The strains selected for SDS-PAGE analysis and a few additional strains were tested for production of acids from carbohydrates and related compounds by use of API (Montalieu, Vercieu, France) 50 CH strips and API CHL medium. The tests were done according to the instructions of the manufacturer, and the results were read after incubation of the strains at 37°C for 2 and 3 days. Identification was done by the computerized database program provided by the manufacturer.
SDS-PAGE of proteins and identification of isolates.
Preparation of cell extracts and polyacrylamide gel electrophoresis were done as described previously (27). Identification of the isolates was performed by comparison of their protein patterns with a database of normalized protein fingerprints derived from reference strains for almost all known species of LAB (25, 28). Pattern storage and comparison were performed on an MS-DOS-compatible PC with the software package GelCompar (version 4.0 [39]).

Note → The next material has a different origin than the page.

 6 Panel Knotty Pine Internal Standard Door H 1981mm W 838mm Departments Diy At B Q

Sequencing of 16S rRNA genes.
Bacteria were cultured overnight in MRS broth, and 1 ml of culture was harvested by centrifugation. The cells were washed in 50:50 TE buffer (50 mM Tris, 50 mM EDTA, pH 8) by centrifugation and resuspended in 0.5 ml of 50:50 TE. Lysis was initiated by the addition of 50 μl of 10-mg/ml lysozyme. After incubation at 37°C for 30 min, 50 μl of 10-mg/ml proteinase K in 50:50 TE and 20 μl of 10% SDS (pH 7.2) were added and gently mixed, and the mixture was further incubated for 2 h at 56°C. Cell debris and protein were precipitated with 297 μl of 3 M potassium acetate. After centrifugation for 10 min at 16,000 × g the supernatant was added to 0.54 volume of isopropanol and gently mixed, and the mixture was spun down at 16,000 × g for 10 min. The pellet was washed twice in ice-cold ethanol by centrifugation, vacuum dried, and resuspended in ultrapure water (Millipore quality).

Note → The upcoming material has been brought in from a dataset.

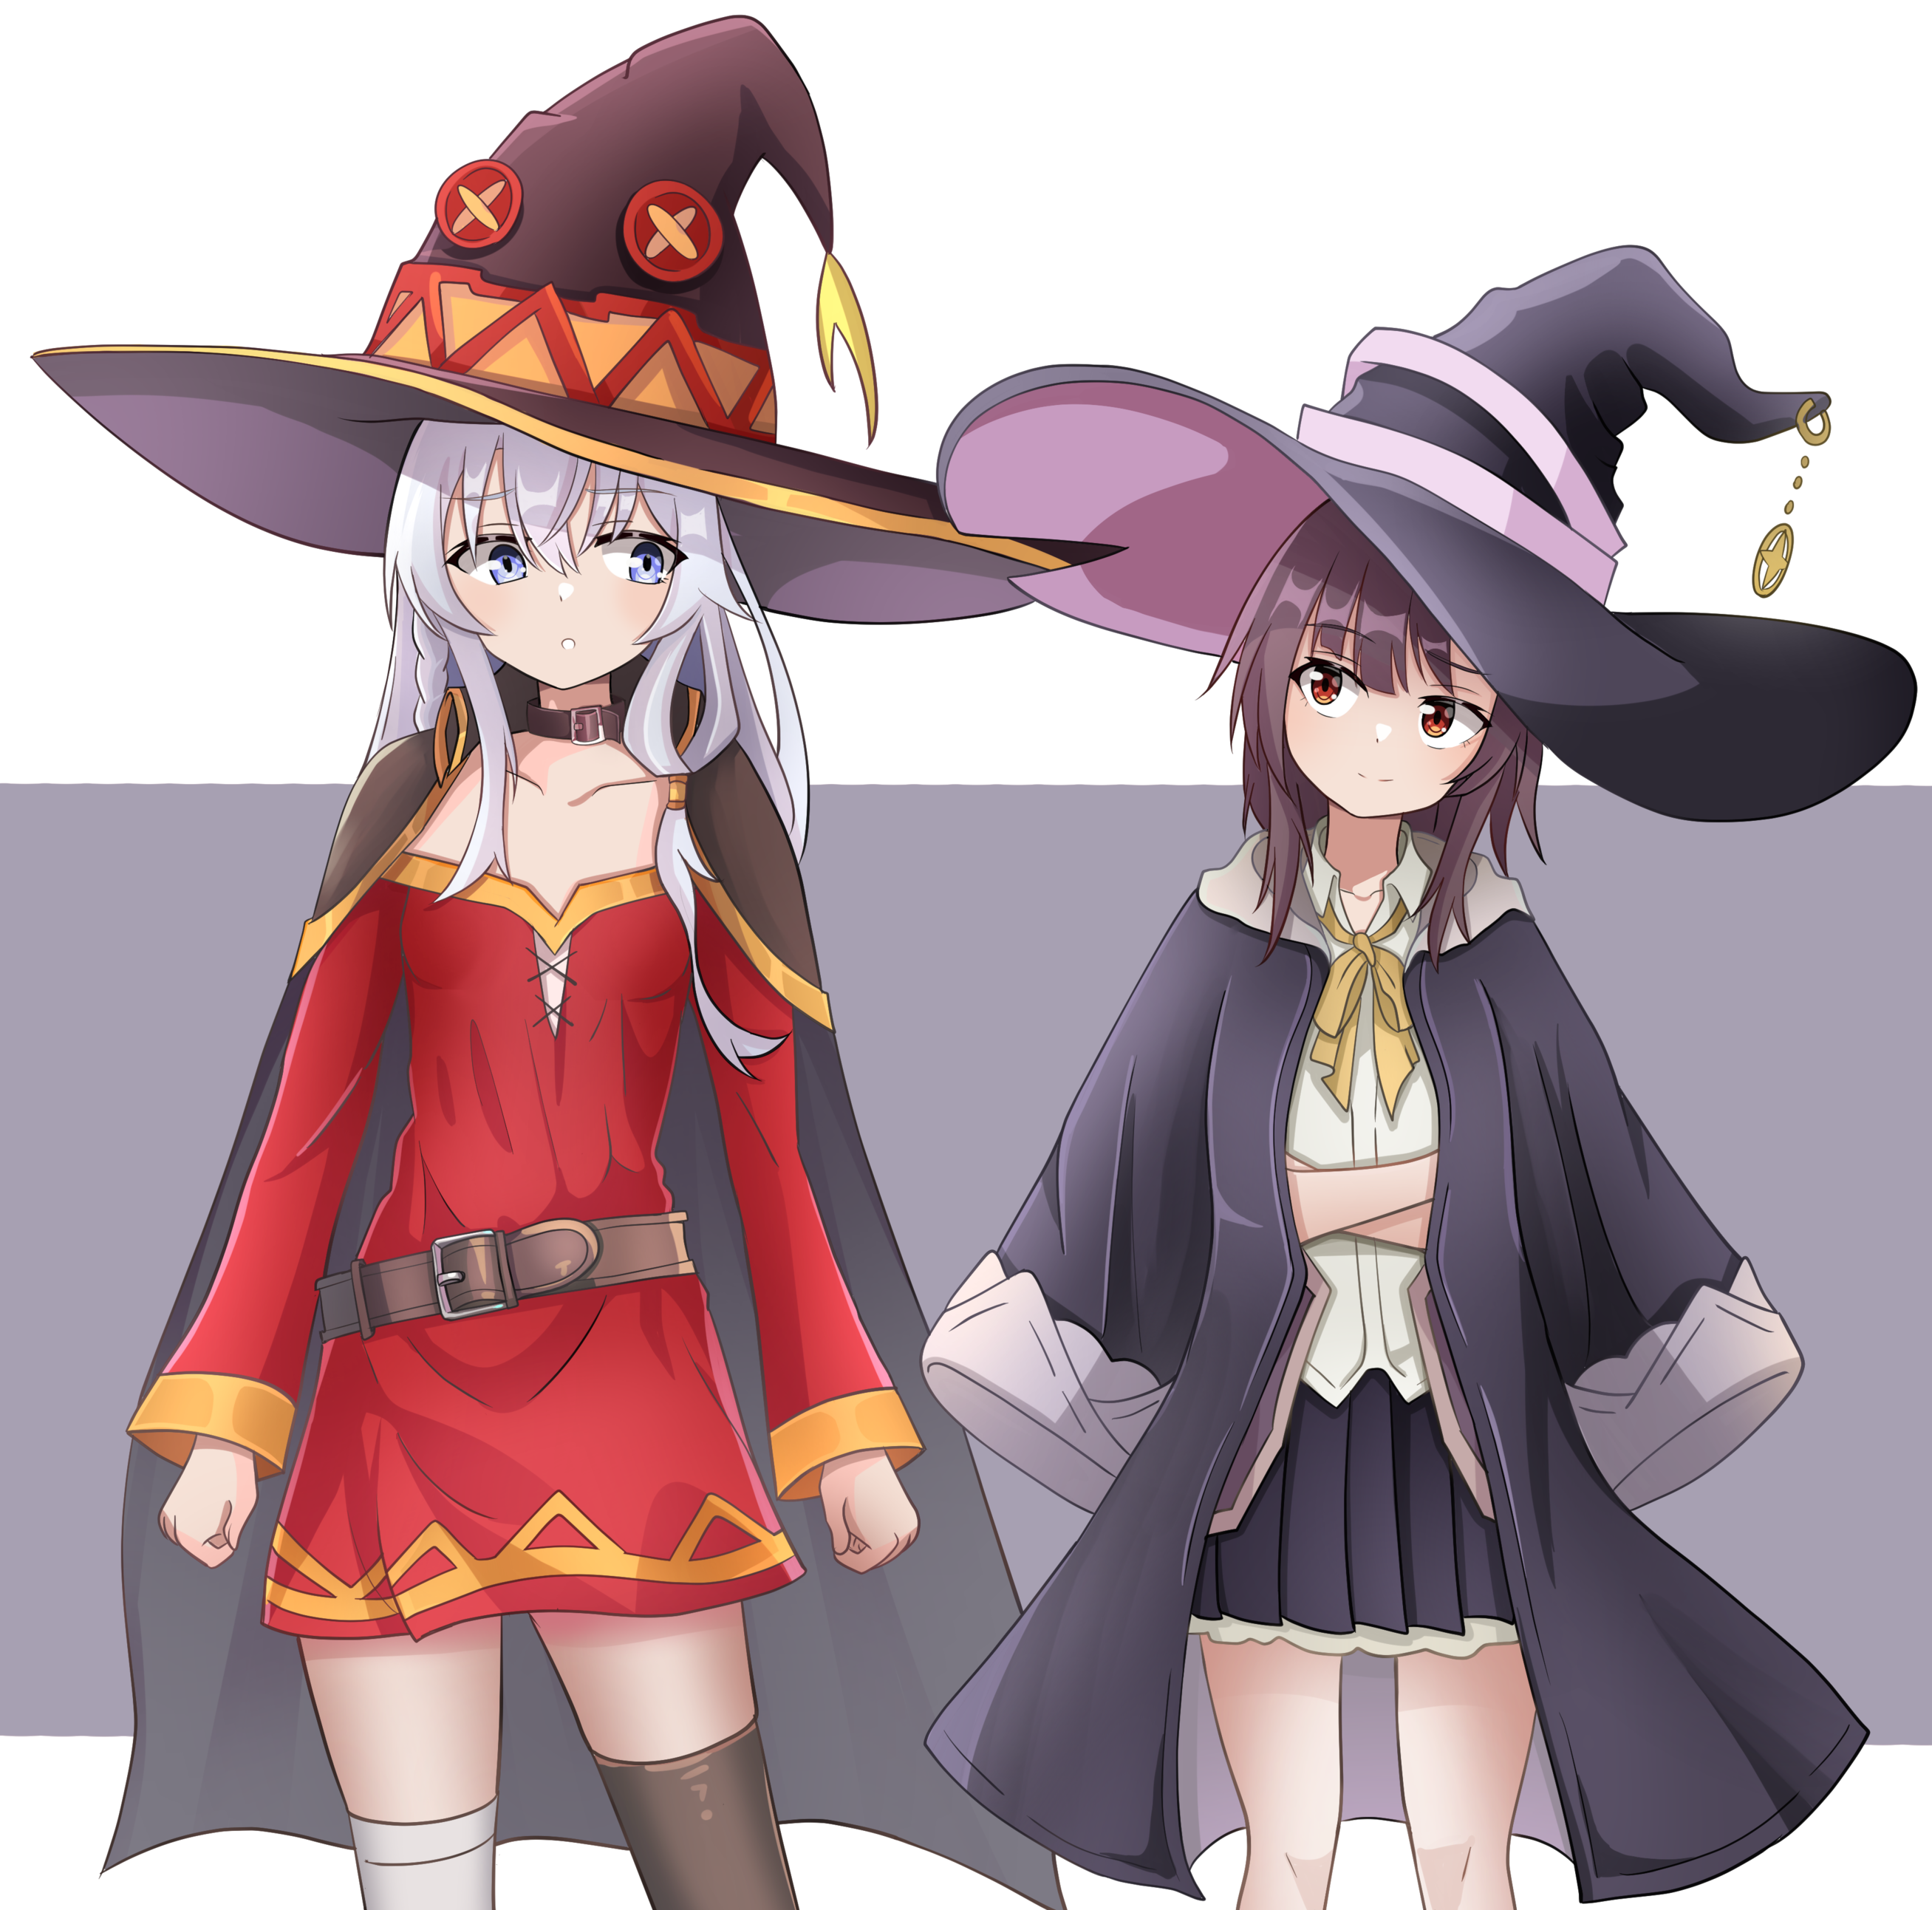 Elaina and Megumin outfit swap

PCR amplification was performed as described by Vogel et al. (40). Oligonucleotides for both PCR amplification and sequencing were synthesized according to sequences and 16S rRNA positions given by Dewhirst et al. (10) and Paster and Dewhirst (23).
The PCR-amplified fragments were purified on Microspin columns (Pharmacia Biotech) and cycle sequenced (Thermo Sequenase fluorescence-labelled primer cycle sequencing kit; Amersham, Little Chalfont, England) on an A.L.F. sequencer (Pharmacia Biotech) with fluorescein-labelled primers.
Searches for 16S rRNA sequences were performed by FastA and BLAST in the Wisconsin Sequence Analysis Package (Genetics Computer Group, Madison, Wis.). Sequences were aligned manually to the Escherichia coli 16S rRNA sequence and to the consensus sequence given by Lane (17). Maximum-likelihood analysis was performed by the fastDNAml program (22), including bootstrap analysis (12) run on an HP9000/819 computer.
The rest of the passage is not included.